In the above embodiment, the case in which the motion indicated by the label having the maximum probability is output as an estimation result has been described, but the embodiment is not limited thereto. The probability that the label indicating the motion of each frame that is the output of the machine learning model is each of the plurality of labels, that is, Y[i, f] may be output as the estimation result.

In the above embodiment, the case in which the machine learning unit and the estimation unit are configured by one computer has been described, but the machine learning unit and the estimation unit may be configured by different computers.

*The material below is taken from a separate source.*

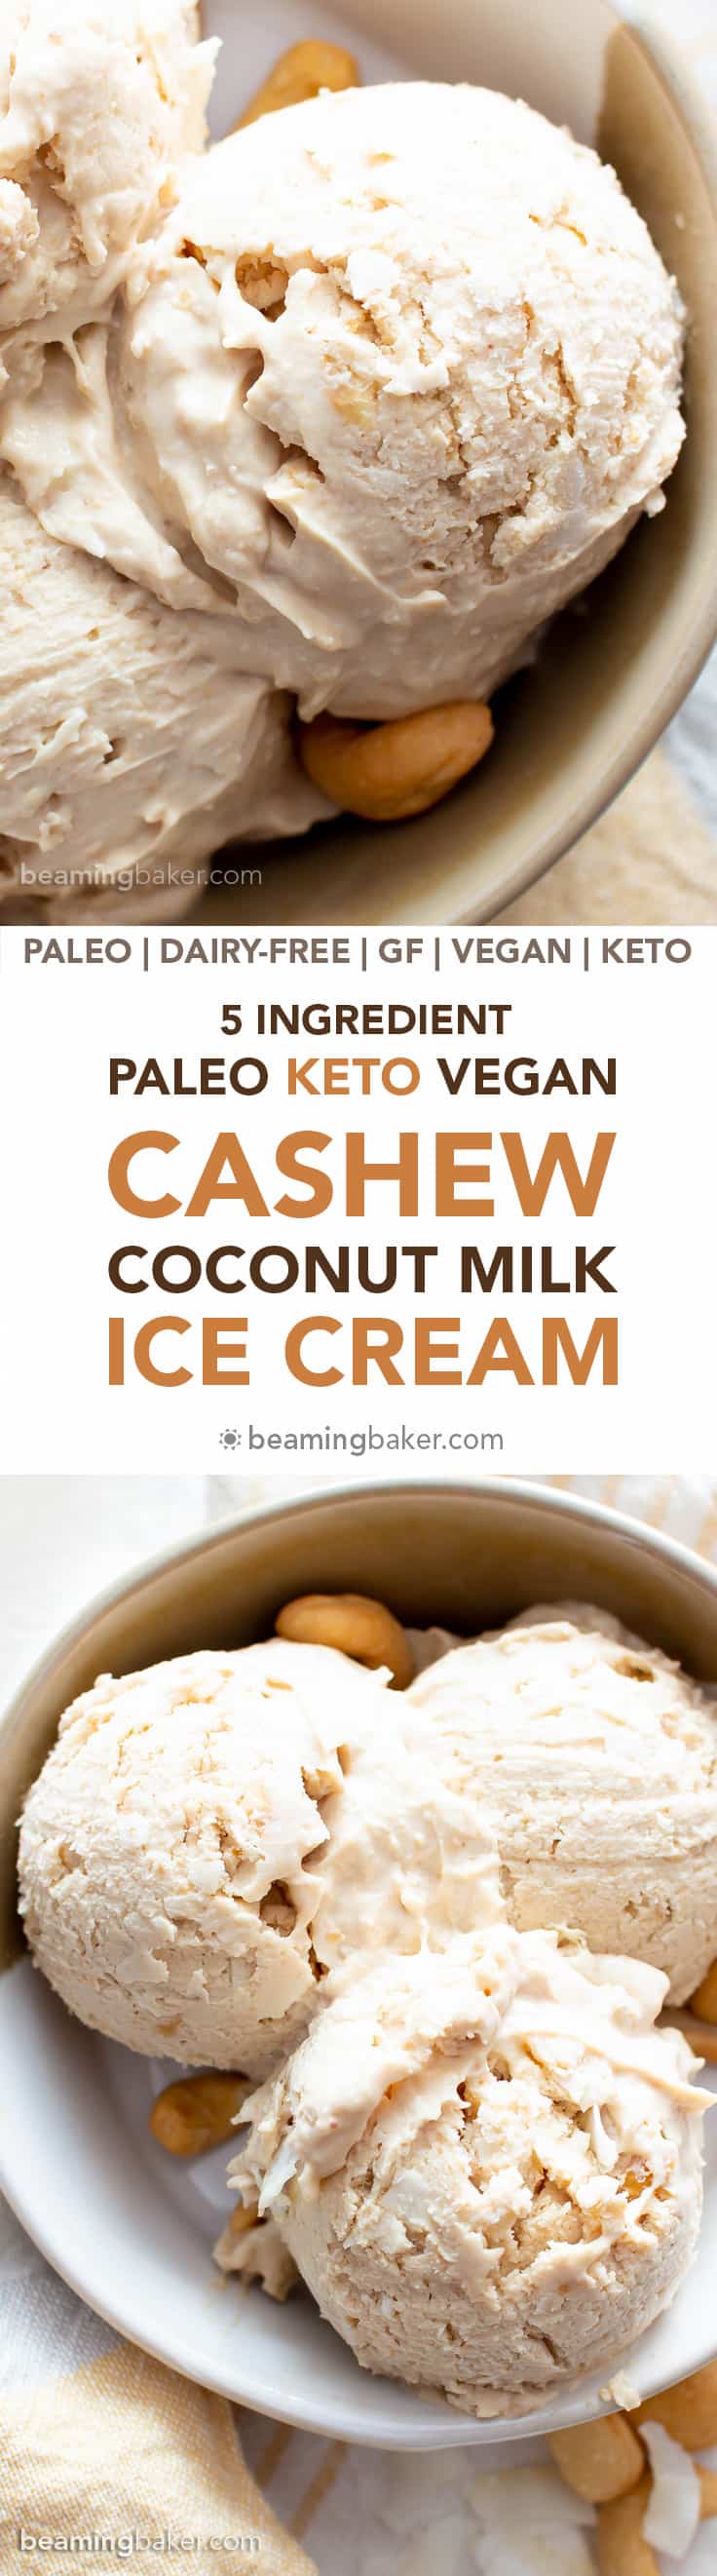 Homemade-Cashew-Coconut-Milk-Vegan-Ice-Cream-Paleo-Dairy-Free-Keto-%E2%80%93-5-Ingredient.jpg

The above-described embodiment can be applied to, for example, interaction between a human and a robot. Specifically, the robot captures a motion of a human with a camera, and estimates the motion of the human from the captured video using the machine learning model trained as in the above embodiment. Then, the robot is controlled to support a human action or imitate a human action according to the estimated action.

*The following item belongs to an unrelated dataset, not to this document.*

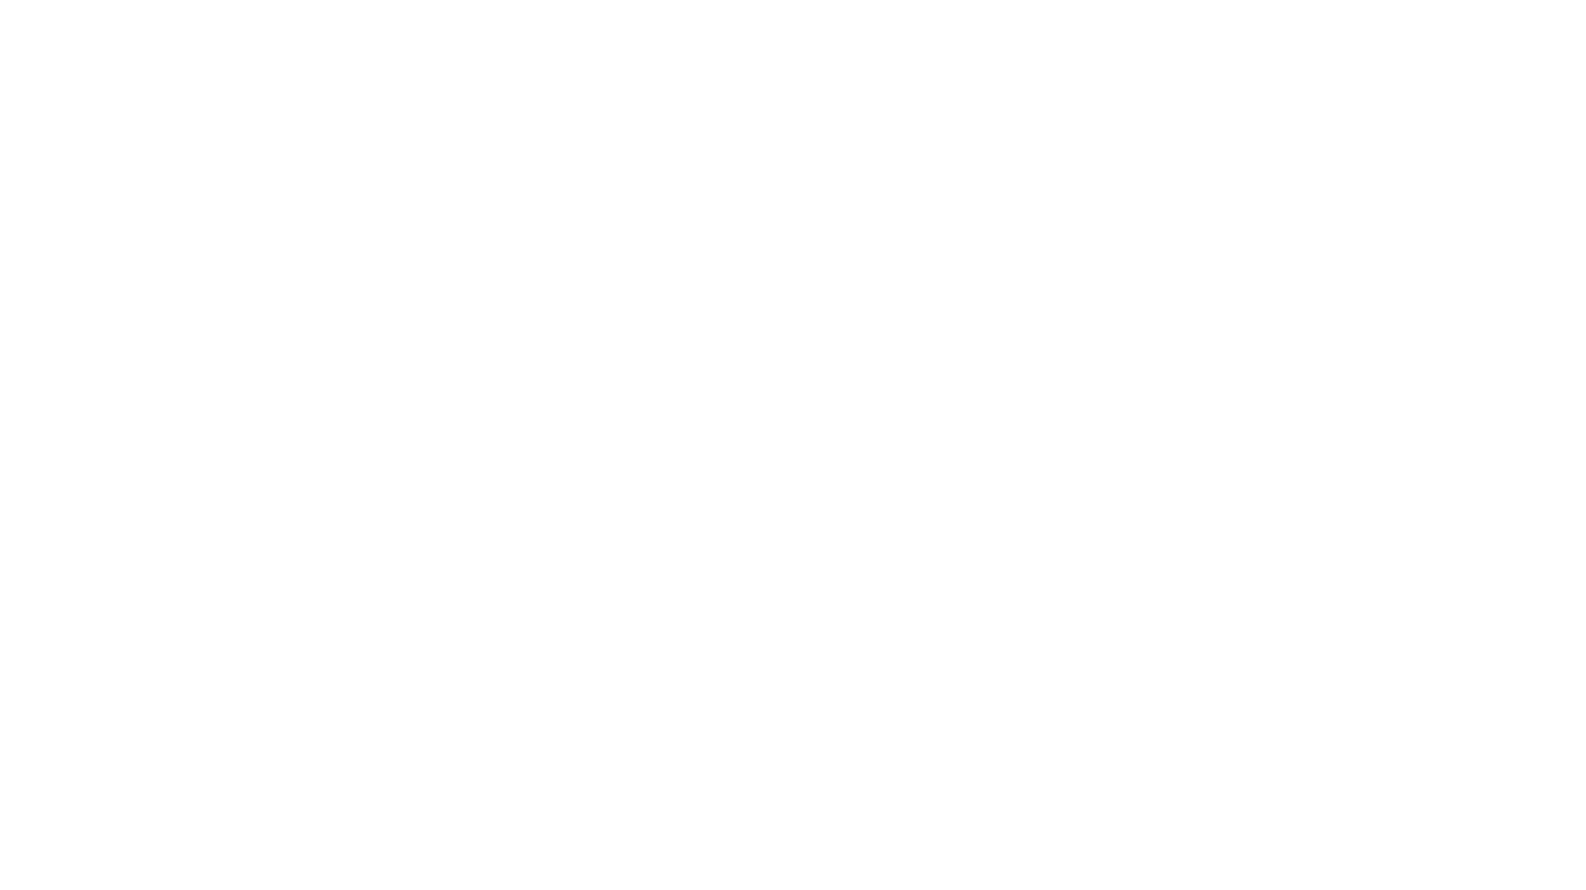 Brand New: New Logos for HUGO BOSS, HUGO, and BOSS

The above-described embodiment can be applied to, for example, a scoring system of a gymnastics competition. Here, an outline of a processing example of the scoring system of a gymnastics competition will be described with reference to.

When a multi-view image obtained by capturing an object from a plurality of different viewpoints is input, the scoring system detects a region of a person from each image included in the multi-viewpoint image. The scoring system tracks a person by associating regions indicating the same person among a plurality of frames of a single viewpoint in time-series multi-viewpoint images. It is determined whether the person indicated by the detected area is a player or a person other than a player, the area indicating the player is specified, and the tracked player is associated between a plurality of viewpoints, that is, between images. The scoring system recognizes two-dimensional skeleton information of the player from each of the tracked series of images using a recognition model or the like. The scoring system estimates three-dimensional skeleton information from the two-dimensional skeleton information using the camera parameters. Then, the scoring system performs post-processing such as smoothing on the time-series three-dimensional skeleton information, estimates the phase (break) of the performance, and then recognizes the skill. A machine learning model trained by the machine learning device according to the above embodiment can be applied to the recognition of this technique.

Application of the disclosed technology is not limited to the above-described human-robot interaction, gymnastics scoring system, and the like, and can be applied as a general motion recognition application.

In the above embodiment, the machine learning program is stored (installed) in the storage device in advance, but the embodiment is not limited thereto. The program according to the disclosed technology may be provided in a form stored in a storage medium such as a CD-ROM, a DVD-ROM, or a USB memory.

In the related art described above, there is a problem that the machine learning model trained with the training data of the timestamp annotation is inferior in accuracy to the machine learning model trained with the training data of the full annotation.